En diminuant de façon continue et dans toute l’Europe les budgets de la défense depuis 25 ans. L’Europe actuelle n’est pas très loin d’être démilitarisée. On parle d’un manque d’unité européen, mais même si tous les États membres étaient unis, nous ne disposerions pas de capacités militaires suffisantes à l’échelle du continent. Ce qu’il reste de la défense européenne, ce sont des initiatives bilatérales, entre la France et le Royaume-Uni, par exemple. A l’avenir, on devrait même assister à des initiatives multi-bilatérales pour les quelques pays qui veulent encore exister militairement.

De nombreux États ont en effet démissionné sur ce sujet. Seuls la France, le Royaume-Uni et quelques pays de taille réduite, dont les pays nordiques, essayent de se maintenir. Par-delà les débats institutionnels sur « l’Europe de la Défense » (OTAN ou UE etc.), le vrai enjeu est là : que restera-t-il des capacités militaires européennes dans 10 ans ?

Cette baisse des budgets européens ne correspond elle pas à un contexte international post guerre-froide où la guerre semble moins prégnante ?

La fin de l’histoire, c’est fini ! Les opinions ne s’en sont peut-être pas rendues compte, mais depuis les années 1990, il y a eu le 11 septembre, la prolifération nucléaire, l’Afghanistan... Les États-Unis avaient baissé leurs dépenses militaires dans les années 1990, mais les ont relevées dans les années 2000. Nous Européens avons continué à les diminuer.
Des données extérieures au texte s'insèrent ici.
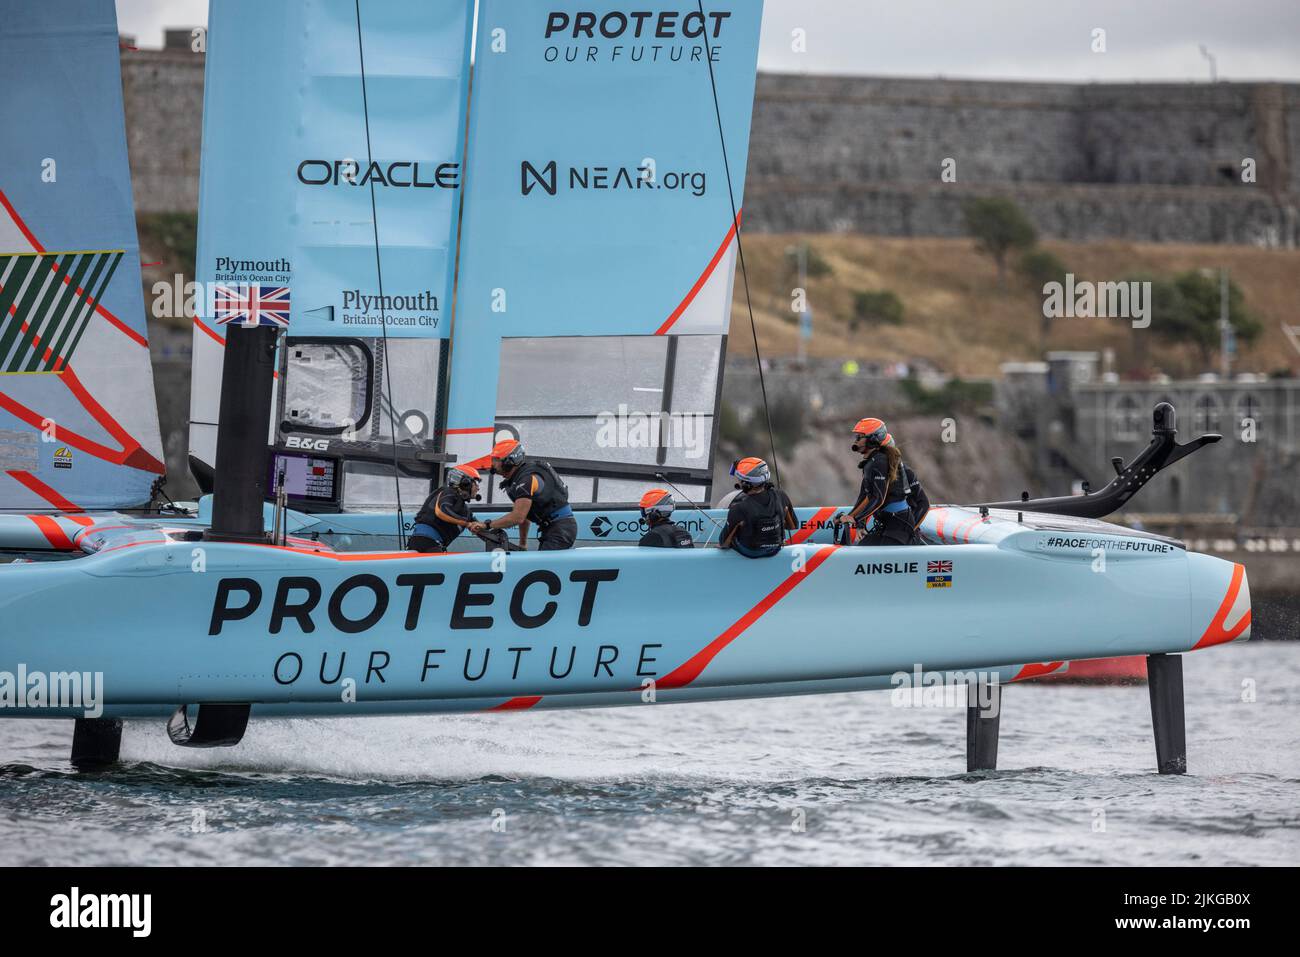 THE DUCHESS OF CAMBRIDGE JOINS THE 1851 TRUST AND THE GREAT BRITAIN SAILGP TEAM IN PLYMOUTH, DEVON, UK Stock Photo

C’est un choix de société, encore faut-il en parler aux citoyens.

En 2008, Hervé Morin, alors ministre de la Défense, n’avait pas craint d’expliquer que nous étions la quatrième armée du monde. La vérité, c’est que la France dispose aujourd’hui de 140 canons… alors qu’il y en a 450 aux Invalides ! Il y a donc eu une réduction considérable de la puissance militaire nationale. Et c’est souvent pire dans les autres pays européens. Or, à l’échelle du monde, le seul continent qui désarme avec constance depuis 20 ans c’est l’Europe !

Un certain nombre d’erreurs ont sans doute été commises, par exemple des choix d’équipements très onéreux. Mais le facteur déterminant est bien la baisse des budgets : en France, nous sommes passés de 3% du PIB consacré à la défense à 1,5% (1% en moyenne pour l’Europe) en un peu plus de deux décennies.

N’est-ce pas difficile politiquement d’augmenter le budget de la défense en pleine période de crise ?

Oui, bien sûr, mais c’est d’abord un choix de société… A droite comme à gauche, on a pratiqué à grande échelle le « traitement social du chômage », autrement dit on a créé des emplois en partie fictifs pour soutenir l’économie - mais on aurait pu aussi faire du keynésianisme en soutenant des entreprises de défense, qui sont un facteur important d’innovation technologique. Il faut quand même savoir que la mairie de Paris emploie à peu près autant de personnes que l’armée de l’Air. Au rythme actuel des réductions de format des armées, l’armée de Terre devrait bientôt tenir dans le stade de France ! Et cette dynamique concerne toute l’Europe, pas seulement la France. Alors que, dans le même temps, l’Asie, le Moyen-Orient ou les États-Unis augmentent leurs dépenses militaires.

Si la France et l’Europe souhaitent être autonomes, elles doivent s’en donner les moyens. On touche aujourd’hui à l’heure de vérité : si rien n’est fait, l’Europe risque de ne disposer bientôt que de capacités militaires résiduelles.